* _What to do_
Print this span of the material below exactly: the line with "Endlich in unserer", the line with "Cartier Baby Love", and every line between them, but nothing else.

* _Information shown_
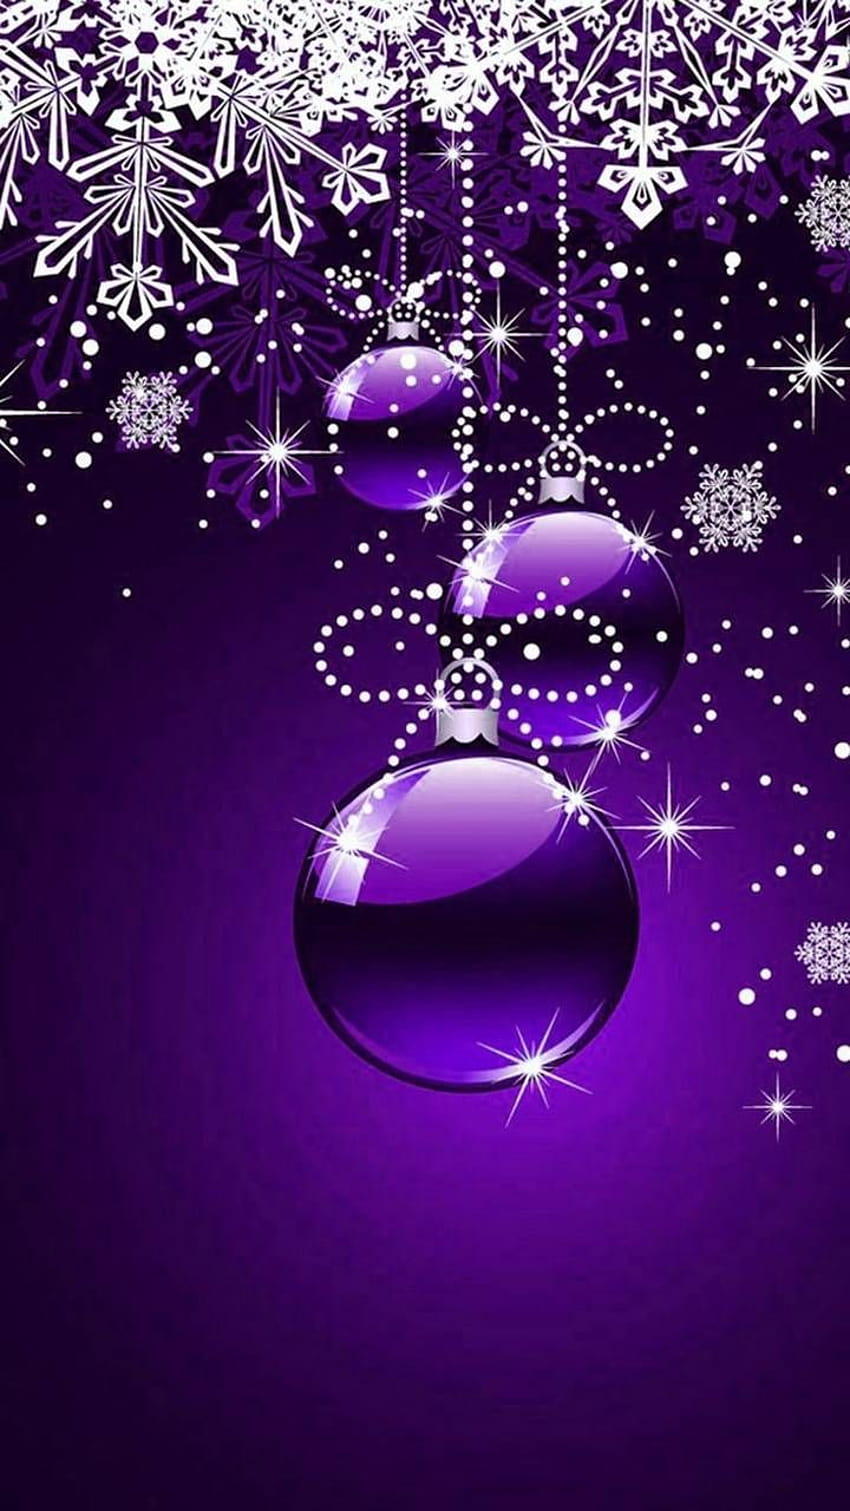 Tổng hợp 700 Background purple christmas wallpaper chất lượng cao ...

--

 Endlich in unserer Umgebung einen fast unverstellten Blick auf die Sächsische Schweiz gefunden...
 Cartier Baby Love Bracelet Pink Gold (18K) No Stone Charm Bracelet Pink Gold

* _Answer for this exercise_
 Endlich in unserer Umgebung einen fast unverstellten Blick auf die Sächsische Schweiz gefunden...
 Cartier Baby Love Bracelet Pink Gold (18K) No Stone Charm Bracelet Pink Gold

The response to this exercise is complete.